FINITE ELEMENT SOLUTION OF THE HELMHOLTZ EQUATION WITH HIGH WAVE NUMBER .2. THE H-P VERSION OF THE FEM

摘要

In this paper, which is part II in a series of two, the investigation of the Galerkin finite element solution to the Helmholtz equation is continued. While part I contained results on the h version with piecewise linear approximation, the present part deals with approximation spaces of order p greater than or equal to 1. As in part I, the results are presented on a one-dimensional model problem with Dirichlet-Robin boundary conditions. In particular, there are proven stability estimates, both with respect to data of higher regularity and data that is bounded in lower norms. The estimates are shown both for the continuous and the discrete spaces under consideration. Further, there is proven a result on the phase difference between the exact and the Galerkin finite element solutions for arbitrary p that had been previously conjectured from numerical experiments.
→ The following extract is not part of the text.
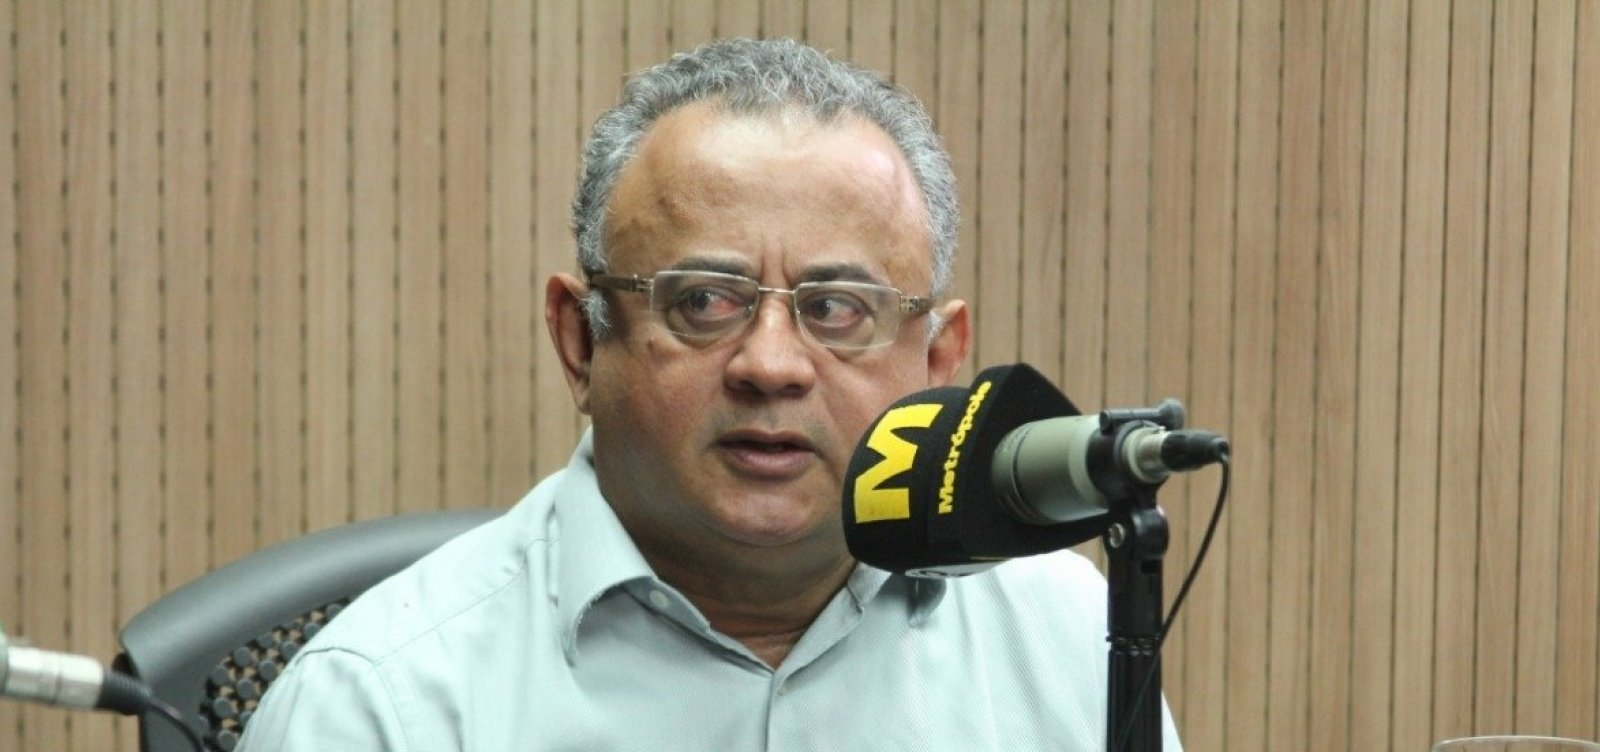 ['Construção civil retrocedeu 10 anos e crise é maior na Bahia', diz presidente de sindicato]

These results and further preparatory statements are then employed to show error estimates for the Galerkin finite element method (FEM). It becomes evident that the error estimate for higher approximation can-with certain assumptions on the data-be written in the same form as the piecewise linear case, namely, as the sum of the error of best approximation plus a pollution term that is of the order of the phase difference. The paper is concluded with a numerical evaluation. [References: 22]